- _Task brief_
Restate the lines exactly, starting at the line that contains "House Painting - NuEra Enterprises" and finishing with the final line of the records.

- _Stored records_
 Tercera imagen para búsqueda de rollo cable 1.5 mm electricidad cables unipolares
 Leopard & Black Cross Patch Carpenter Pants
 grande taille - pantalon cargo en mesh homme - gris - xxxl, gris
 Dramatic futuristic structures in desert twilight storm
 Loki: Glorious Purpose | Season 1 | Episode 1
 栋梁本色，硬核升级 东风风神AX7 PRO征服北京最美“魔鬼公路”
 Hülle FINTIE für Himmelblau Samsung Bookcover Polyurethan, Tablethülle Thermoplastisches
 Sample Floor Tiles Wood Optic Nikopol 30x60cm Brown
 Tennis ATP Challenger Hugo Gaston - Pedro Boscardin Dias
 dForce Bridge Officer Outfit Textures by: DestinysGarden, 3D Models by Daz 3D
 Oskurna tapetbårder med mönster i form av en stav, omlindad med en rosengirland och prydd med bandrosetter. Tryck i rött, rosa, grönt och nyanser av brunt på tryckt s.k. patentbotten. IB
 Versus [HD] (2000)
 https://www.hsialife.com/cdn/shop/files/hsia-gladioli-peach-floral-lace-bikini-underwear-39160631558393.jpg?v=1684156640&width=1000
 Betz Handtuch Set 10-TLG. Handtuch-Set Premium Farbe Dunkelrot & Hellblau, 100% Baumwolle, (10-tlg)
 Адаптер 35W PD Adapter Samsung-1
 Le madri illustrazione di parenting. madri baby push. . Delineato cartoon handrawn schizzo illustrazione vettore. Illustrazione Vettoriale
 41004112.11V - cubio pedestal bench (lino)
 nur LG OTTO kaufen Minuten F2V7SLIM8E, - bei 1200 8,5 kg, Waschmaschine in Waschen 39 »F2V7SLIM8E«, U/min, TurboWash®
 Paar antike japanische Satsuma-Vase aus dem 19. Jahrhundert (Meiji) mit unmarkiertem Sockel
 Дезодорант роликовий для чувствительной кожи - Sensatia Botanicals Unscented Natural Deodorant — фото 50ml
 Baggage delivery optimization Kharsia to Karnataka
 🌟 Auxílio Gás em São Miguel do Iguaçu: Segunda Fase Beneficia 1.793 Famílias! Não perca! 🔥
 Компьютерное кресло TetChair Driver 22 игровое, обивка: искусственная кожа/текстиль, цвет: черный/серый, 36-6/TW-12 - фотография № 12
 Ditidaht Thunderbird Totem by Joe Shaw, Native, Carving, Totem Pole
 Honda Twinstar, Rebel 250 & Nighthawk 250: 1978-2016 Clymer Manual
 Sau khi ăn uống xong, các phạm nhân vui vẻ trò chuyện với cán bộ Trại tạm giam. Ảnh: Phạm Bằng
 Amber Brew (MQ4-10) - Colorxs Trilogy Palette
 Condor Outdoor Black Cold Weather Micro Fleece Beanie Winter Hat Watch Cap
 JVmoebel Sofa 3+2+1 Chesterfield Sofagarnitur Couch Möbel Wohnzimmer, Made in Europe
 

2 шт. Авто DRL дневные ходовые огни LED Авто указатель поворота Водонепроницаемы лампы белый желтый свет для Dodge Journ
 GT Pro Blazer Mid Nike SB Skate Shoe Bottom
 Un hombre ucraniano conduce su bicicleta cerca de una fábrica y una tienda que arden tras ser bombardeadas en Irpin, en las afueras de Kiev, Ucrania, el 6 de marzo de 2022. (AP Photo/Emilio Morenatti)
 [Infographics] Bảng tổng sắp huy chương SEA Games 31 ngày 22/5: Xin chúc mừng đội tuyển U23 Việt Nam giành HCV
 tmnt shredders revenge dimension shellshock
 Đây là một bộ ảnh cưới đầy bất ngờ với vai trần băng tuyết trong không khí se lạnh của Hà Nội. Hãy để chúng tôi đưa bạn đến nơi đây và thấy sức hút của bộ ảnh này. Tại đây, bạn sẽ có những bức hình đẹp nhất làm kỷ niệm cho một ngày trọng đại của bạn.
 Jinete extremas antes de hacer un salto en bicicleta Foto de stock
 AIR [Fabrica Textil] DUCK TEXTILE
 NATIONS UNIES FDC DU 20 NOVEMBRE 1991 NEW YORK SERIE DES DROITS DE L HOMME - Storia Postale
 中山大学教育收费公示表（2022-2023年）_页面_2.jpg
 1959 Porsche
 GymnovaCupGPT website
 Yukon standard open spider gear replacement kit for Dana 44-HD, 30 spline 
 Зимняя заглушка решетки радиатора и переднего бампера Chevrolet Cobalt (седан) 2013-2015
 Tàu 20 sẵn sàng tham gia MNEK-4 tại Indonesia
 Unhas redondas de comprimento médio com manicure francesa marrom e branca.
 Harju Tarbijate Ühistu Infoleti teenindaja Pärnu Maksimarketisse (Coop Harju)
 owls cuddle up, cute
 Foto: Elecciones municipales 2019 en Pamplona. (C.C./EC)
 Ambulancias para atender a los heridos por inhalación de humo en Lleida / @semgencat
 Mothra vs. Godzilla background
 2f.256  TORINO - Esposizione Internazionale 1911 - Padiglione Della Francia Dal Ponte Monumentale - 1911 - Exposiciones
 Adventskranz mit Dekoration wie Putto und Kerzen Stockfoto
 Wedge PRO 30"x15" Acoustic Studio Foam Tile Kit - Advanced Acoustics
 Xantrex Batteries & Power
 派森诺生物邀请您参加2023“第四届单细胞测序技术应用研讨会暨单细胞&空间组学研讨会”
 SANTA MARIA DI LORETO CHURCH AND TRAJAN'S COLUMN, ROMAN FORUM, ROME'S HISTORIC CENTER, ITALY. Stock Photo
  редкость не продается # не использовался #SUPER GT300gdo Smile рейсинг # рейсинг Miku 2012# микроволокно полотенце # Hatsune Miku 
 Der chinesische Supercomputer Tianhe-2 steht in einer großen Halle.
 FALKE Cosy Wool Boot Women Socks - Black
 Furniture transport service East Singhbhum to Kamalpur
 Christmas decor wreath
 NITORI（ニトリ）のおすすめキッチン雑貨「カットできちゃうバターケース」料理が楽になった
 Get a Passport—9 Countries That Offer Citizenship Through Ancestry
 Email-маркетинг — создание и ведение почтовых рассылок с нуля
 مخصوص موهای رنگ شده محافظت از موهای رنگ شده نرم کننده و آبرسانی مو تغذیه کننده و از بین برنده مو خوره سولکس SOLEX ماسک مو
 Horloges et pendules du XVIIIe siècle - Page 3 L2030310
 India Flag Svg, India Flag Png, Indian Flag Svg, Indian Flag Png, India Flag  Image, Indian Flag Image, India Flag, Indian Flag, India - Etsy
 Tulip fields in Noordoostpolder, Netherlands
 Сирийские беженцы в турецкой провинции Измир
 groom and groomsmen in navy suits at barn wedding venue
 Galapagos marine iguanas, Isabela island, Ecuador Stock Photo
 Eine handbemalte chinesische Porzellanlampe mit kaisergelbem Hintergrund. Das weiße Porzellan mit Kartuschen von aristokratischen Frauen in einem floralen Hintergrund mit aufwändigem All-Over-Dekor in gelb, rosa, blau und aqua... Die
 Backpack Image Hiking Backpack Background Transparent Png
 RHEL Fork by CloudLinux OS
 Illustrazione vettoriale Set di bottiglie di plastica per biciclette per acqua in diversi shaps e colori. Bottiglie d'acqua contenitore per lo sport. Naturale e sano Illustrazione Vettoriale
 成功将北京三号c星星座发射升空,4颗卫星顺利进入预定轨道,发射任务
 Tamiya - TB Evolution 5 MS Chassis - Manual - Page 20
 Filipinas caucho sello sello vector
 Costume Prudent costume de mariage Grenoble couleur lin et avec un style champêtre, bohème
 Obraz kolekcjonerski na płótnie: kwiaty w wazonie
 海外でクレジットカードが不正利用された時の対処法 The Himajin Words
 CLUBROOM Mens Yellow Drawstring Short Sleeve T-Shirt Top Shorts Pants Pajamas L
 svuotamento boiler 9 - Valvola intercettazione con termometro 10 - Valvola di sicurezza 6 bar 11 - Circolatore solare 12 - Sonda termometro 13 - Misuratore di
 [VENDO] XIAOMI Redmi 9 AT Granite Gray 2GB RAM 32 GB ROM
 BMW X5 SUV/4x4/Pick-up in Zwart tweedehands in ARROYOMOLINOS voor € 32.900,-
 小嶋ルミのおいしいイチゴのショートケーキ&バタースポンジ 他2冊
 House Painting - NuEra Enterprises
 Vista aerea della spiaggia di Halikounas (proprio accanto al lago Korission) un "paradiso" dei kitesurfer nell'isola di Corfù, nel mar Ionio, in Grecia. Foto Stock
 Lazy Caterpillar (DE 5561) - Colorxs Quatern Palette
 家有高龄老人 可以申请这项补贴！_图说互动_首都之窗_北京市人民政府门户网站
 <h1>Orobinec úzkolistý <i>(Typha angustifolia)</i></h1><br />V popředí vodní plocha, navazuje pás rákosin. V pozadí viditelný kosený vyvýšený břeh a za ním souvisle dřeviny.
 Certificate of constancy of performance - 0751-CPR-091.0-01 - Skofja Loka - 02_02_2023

- _Exercise result_
 House Painting - NuEra Enterprises
 Vista aerea della spiaggia di Halikounas (proprio accanto al lago Korission) un "paradiso" dei kitesurfer nell'isola di Corfù, nel mar Ionio, in Grecia. Foto Stock
 Lazy Caterpillar (DE 5561) - Colorxs Quatern Palette
 家有高龄老人 可以申请这项补贴！_图说互动_首都之窗_北京市人民政府门户网站
 <h1>Orobinec úzkolistý <i>(Typha angustifolia)</i></h1><br />V popředí vodní plocha, navazuje pás rákosin. V pozadí viditelný kosený vyvýšený břeh a za ním souvisle dřeviny.
 Certificate of constancy of performance - 0751-CPR-091.0-01 - Skofja Loka - 02_02_2023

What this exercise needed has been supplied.